私とは同い年で、配属も同じ営業課。入社してからずっと友達だから、付き合いはもうかれこれ四年近くになる。
似たもの同士だと気づいたのは、確かはじめての同期飲み。学生時代から勉強漬けでまともな恋愛経験もなく、このまま一生独身かもね……なんて私が笑いながら言ったとき、「私も同じ!」とビール片手に名乗り上げてくれたのが彼女だった。
以来、独身同盟なんて言って、二人でちょこちょこ一緒に遊んでいたのだけど。
「彼氏の実家にいきなりお呼ばれされちゃってさ。来週のシンガポール旅行、やっぱりキャンセルしてもいい……?」
このときの私の心境はもう、とてもじゃないけど言葉では言い尽くせないほどのものだった。

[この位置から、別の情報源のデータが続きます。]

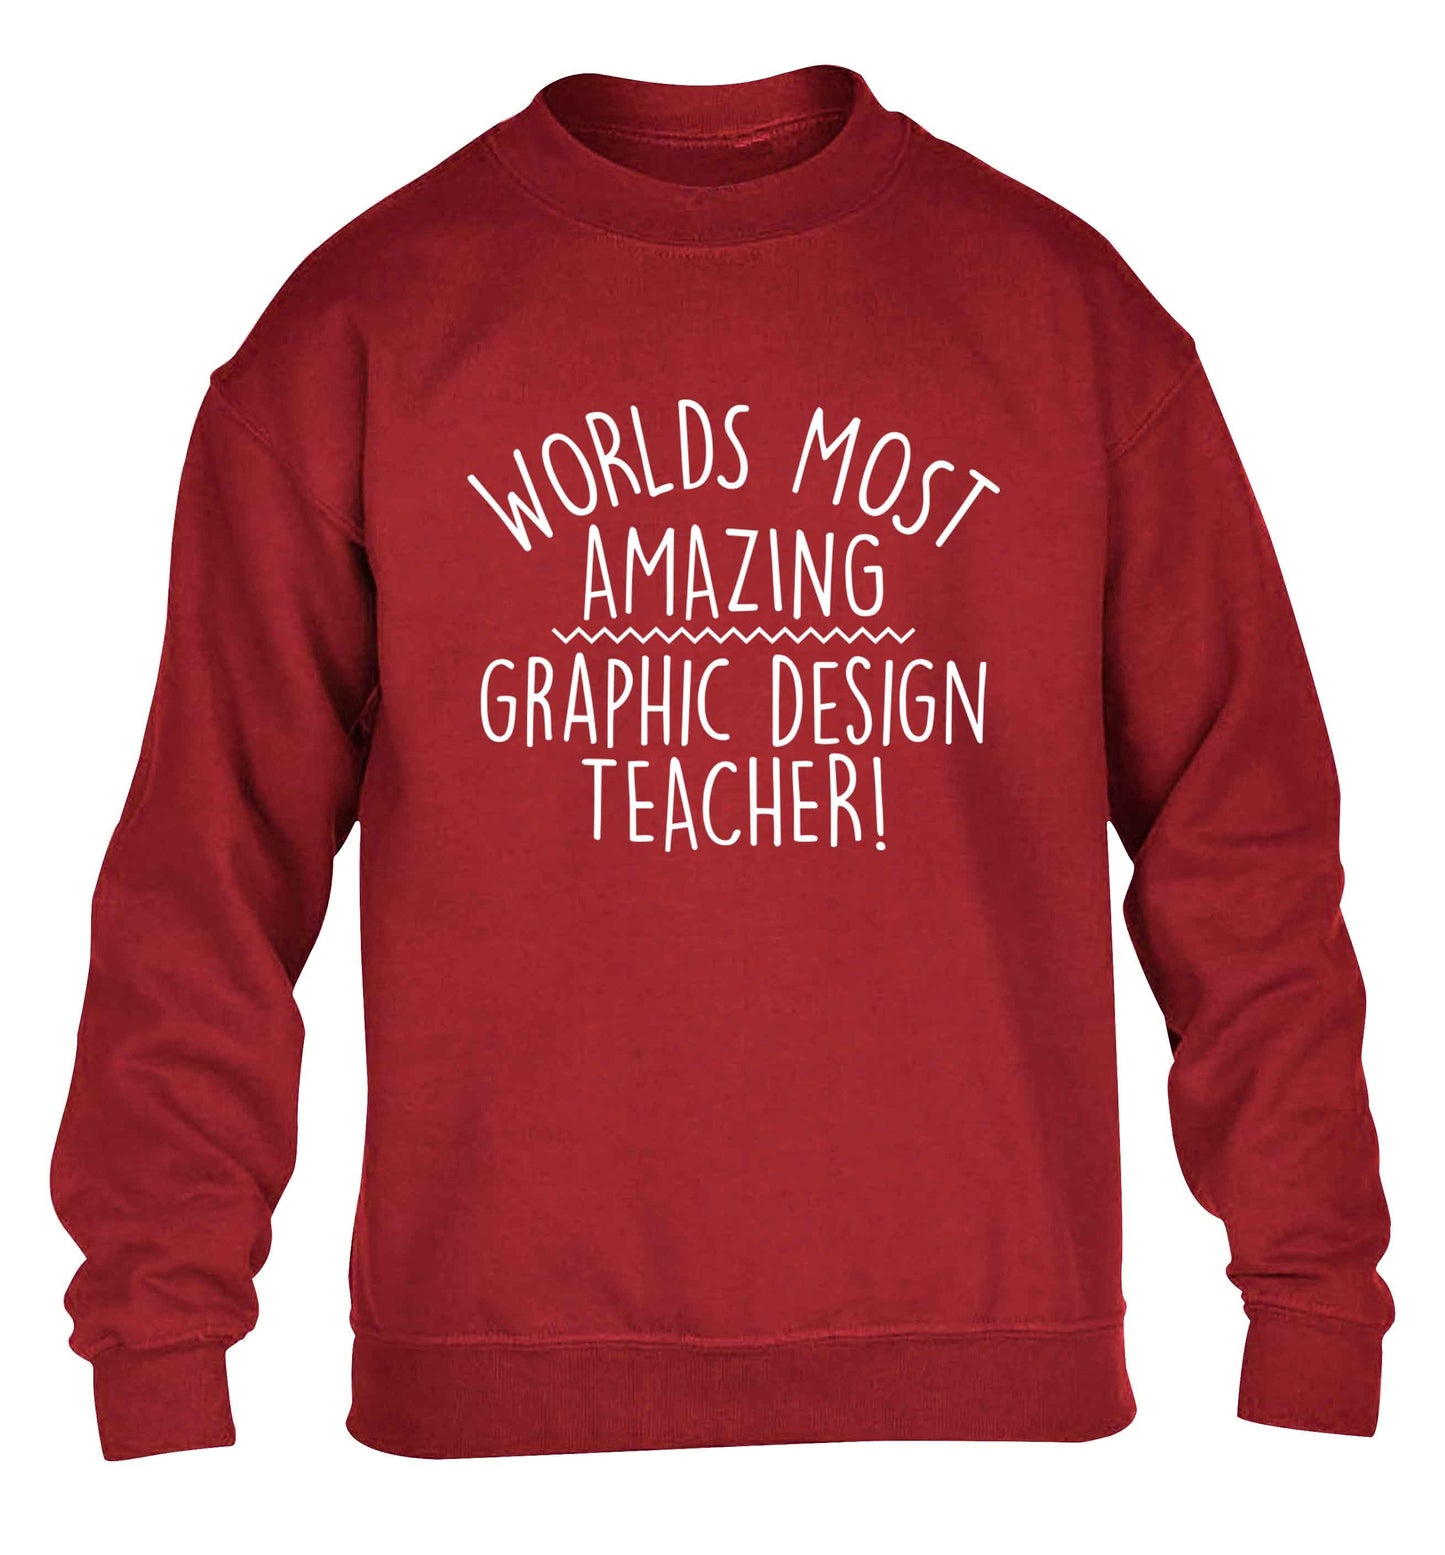 Worlds most amazing graphic design teacher children's grey sweater 12-13 Years

彼氏いたの? いつから? なんで教えてくれなかったの? ていうか実家? 早くない? それともそんな昔から付き合ってたわけ?
真新しい情報の奔流に頭が真っ白になる中、私はやっと心に秘めた自分の仮面を引っ張り出す。そう、営業用の自分の顔を。
「――いいよいいよ。私との旅行より、彼氏の実家の方が大事だもんね」
「ありがとう! キャンセル代は自分で出すよ、凛に迷惑はかけられないし」
キャンセルの時点で迷惑が掛かっているとは考えないのだろうか。
なんて野暮なことを言っても仕方ない。思えば愛菜には、昔からよく遊ぶ約束をキャンセルされてきた。今回の件に限って言えば、前日キャンセルや当日ドタキャンじゃないだけマシなのかもしれない。
「凛はどうする? 一緒にキャンセルしておこうか?」
「うーん、どうしようかな。もうガイドブックも買っちゃったしなぁ」
「えっ、一人で行くつもりなの? まじで?」
いったい何がおかしいのか、愛菜はけらけらと笑う。
「さっすが凛! 強いねー! 一人で生きていける女!」
――瞬間、全身の血が逆流したみたいにカッと身体が熱くなった。
強い女。一人で生きていける女。今までも何度か無邪気な声で、人からそう呼ばれることはあった。実際、周囲から舐められないよう、自分でも多少気を張って生きてきた面はあると思う。
でも。
「それじゃあ私、お昼行ってくるね! バイバイ!」
去っていく愛菜の後姿を不恰好な笑みで見送る。
愛菜は通路の角で立っていた男の人――あれ、同じ営業課の山田先輩だ――の腕にするりと腕を絡ませると、廊下のあちこちにハートをまき散らして軽い足取りで歩いて行った。
(まあいいや。もう、考えないようにしよう)
私の目の前の課題といえば、言うまでもない、シンガポール旅行だ。
もともとは遠慮も気兼ねもない女二人旅のはずだった。私も最初からそのつもりで、色々と下調べや計画をしてきたわけだけど。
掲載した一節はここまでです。